After completing the above steps, you may attempt to upgrade once more while tailing the /var/log/netwitness/config-management/chef-solo.log and see if you bypass this error.
A Very Special Note about resolv.conf:In 11.3 and above, we are making the /etc/resolv.conf an immutable file as part of our Chef process. If you are unable to reach the Admin Server on port 53 or your component host uses a different DNS Server from your Admin Server, you must edit the local resolv.conf on the component host. To be able to edit the file to change what DNS Servers you query, you must undo this change.
chattr -i /etc/resolv.conf
Once this is done, you can restore your DNS server settings by vi-ing the file. If you are unsure what they were prior to your upgrade, you can check the backup files that the chef creates as it goes through it is upgrade run. They are date-stamped in the file name.

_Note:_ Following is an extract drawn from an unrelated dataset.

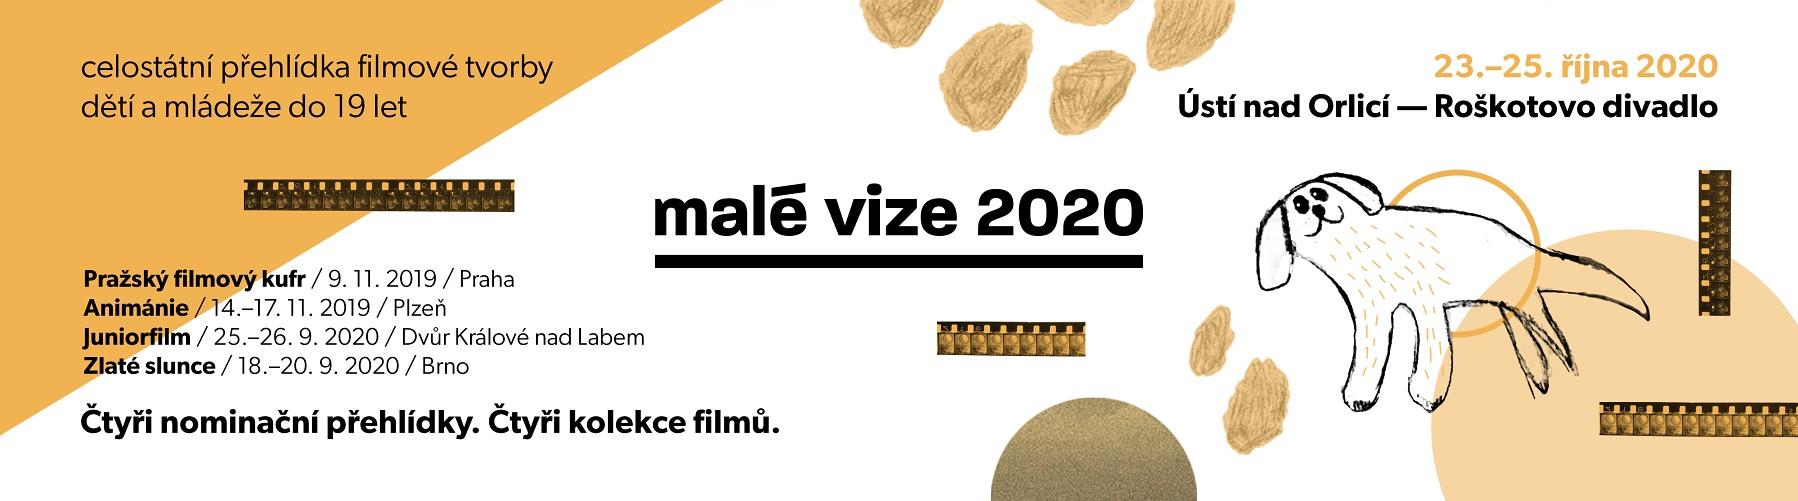 male_vize_2020

[root@S5-ENDPOINTHYB ~]# locate resolv.conf
/etc/resolv.conf
/var/netwitness/config-management/cache/cookbooks/nw-dns-client/templates/default/resolv.conf.erb
/var/netwitness/config-management/cookbooks/nw-dns-client/templates/default/resolv.conf.erb
/var/netwitness/config-management/local-mode-cache/backup/etc/resolv.conf.chef-20181016174034.809106
/var/netwitness/config-management/local-mode-cache/backup/etc/resolv.conf.chef-20190415152127.680013
Also, note that the Admin Server is different. The options in /etc/resolv.conf are being overwritten by what is defined in /etc/netwitness/platform/resolv.dnsmasq. If you want to change the Admin Server's DNS Servers, you must modify it there.
If this solution does not work for you and you are still experiencing issues after following the steps in this KB article, please open a case with RSA Technical Support quoting this KB article.